Further, by repeating the process described above, the top end position of the saturated absorbent region is further raised, and consequently the evaporating period of liquid helium is further shortened. As the evaporating period of liquid helium is shortened and number of liquid helium supply times is increased, number of occasions of causing expensive liquid helium to evaporate is further increased due to entering of heat at liquid helium supplying work.
An object of the present invention is to provide a dewar for SQUID in which an amount of leak gas discharged from absorbent arranged in the upper portion higher than the liquid surface level of liquid helium is small even if the liquid surface level of the liquid helium is lowered, and accordingly the cycle of supplying liquid helium can be kept long for a long time, and to provide a biological magnetism measurement apparatus using the dewar for SQUID.

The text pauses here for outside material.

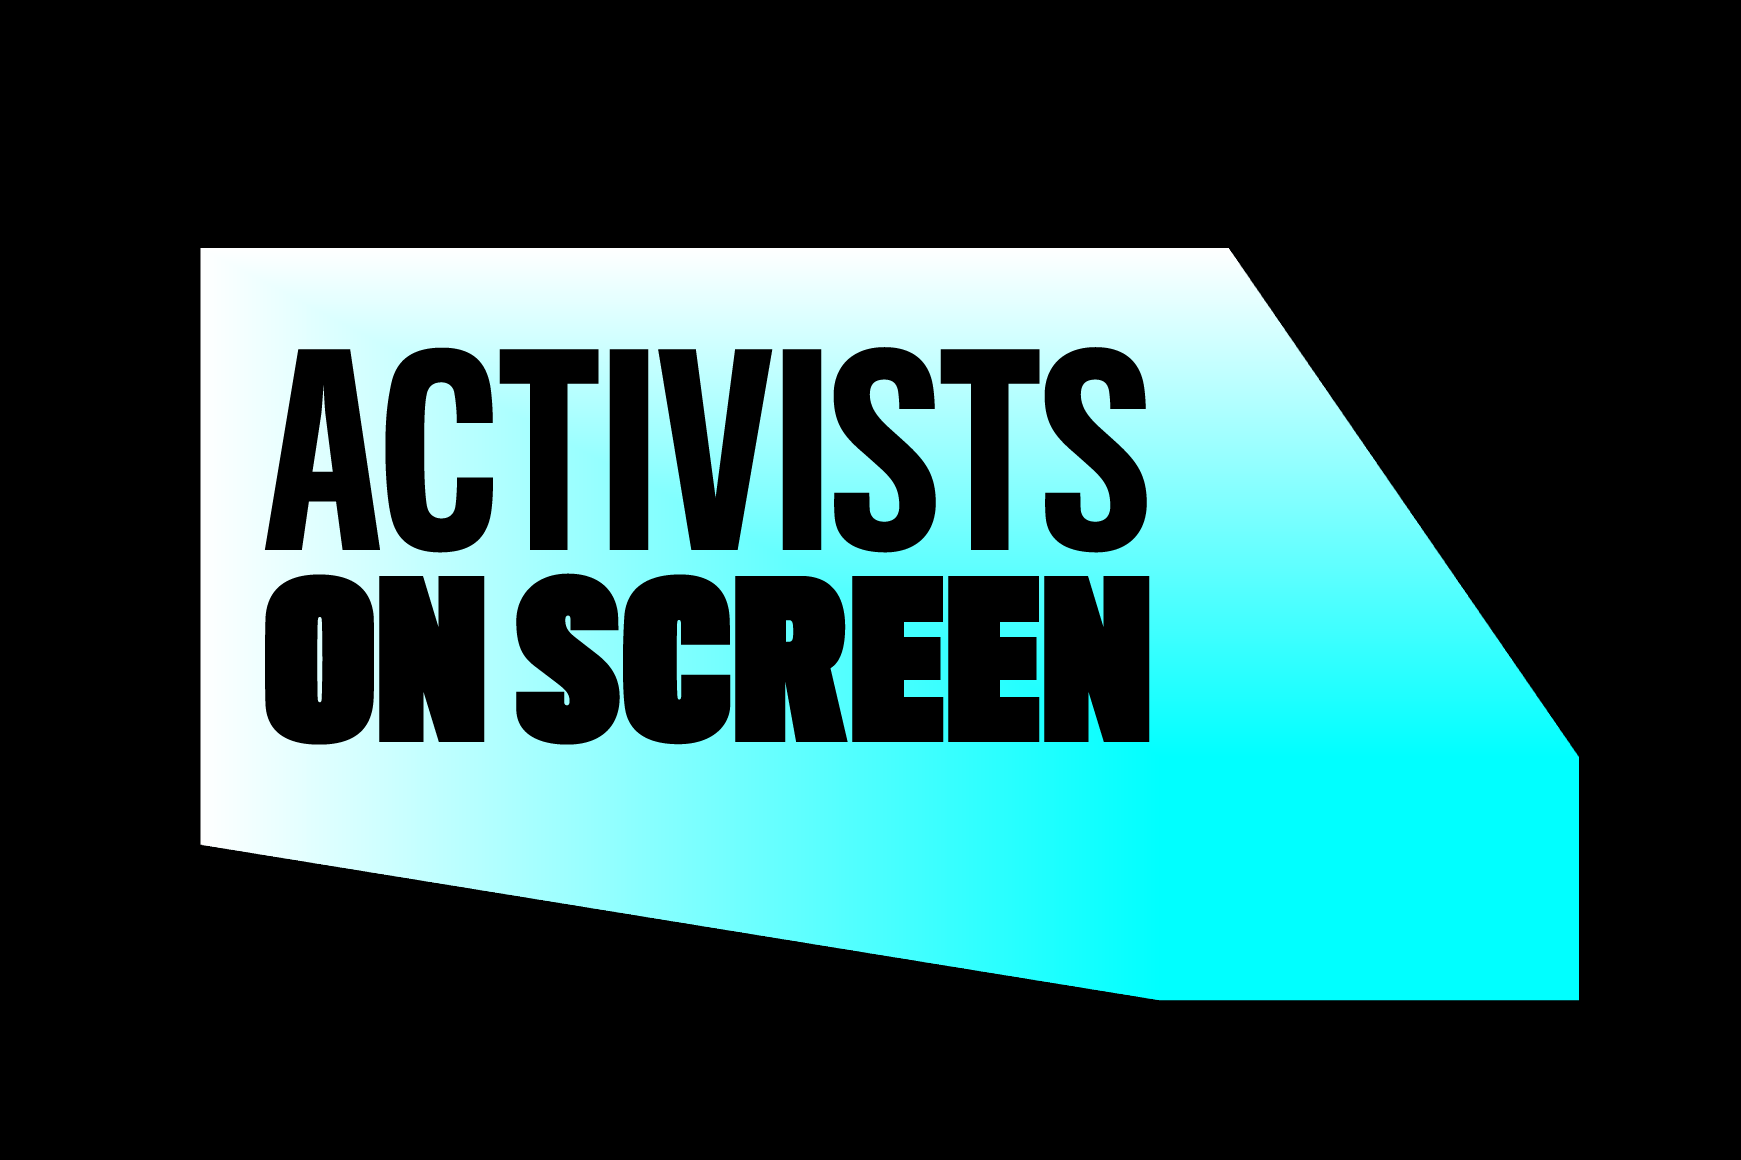 Fondo negro con gráfico azul emergente que lee el texto "Activistas en pantalla"

In order to attain the above object, a dewar in accordance with the present invention comprises an inner container for holding a SQUID magnetometer and a coolant, the inner container being made of a non-magnetic and electrically non-conductive material; an outer container for forming a thermal insulating space between the inner container and the outer container, the outer container being made of a non-magnetic and electrically non-conductive material; and a gas absorbing means provided inside the thermal insulating space, and the dewar further comprises a non-magnetic thermal conducting means in contact both with the gas absorbing means arranged at a level higher than a level of a holding position of the SQUID magnetometer and with a position of the inner container at a level lower than a level of the gas absorbing means.
By the structure described above, since the thermal conducting means is in contact with a position of the inner container at a level lower than the gas absorbing means even if the coolant held in the inner container evaporates to lower the liquid surface of the coolant in the inner container, the gas absorbing means can be maintained at a temperature of the coolant held in the inner container by the thermal conducting means. Accordingly, the gas absorbing power of the gas absorbing means can be maintained.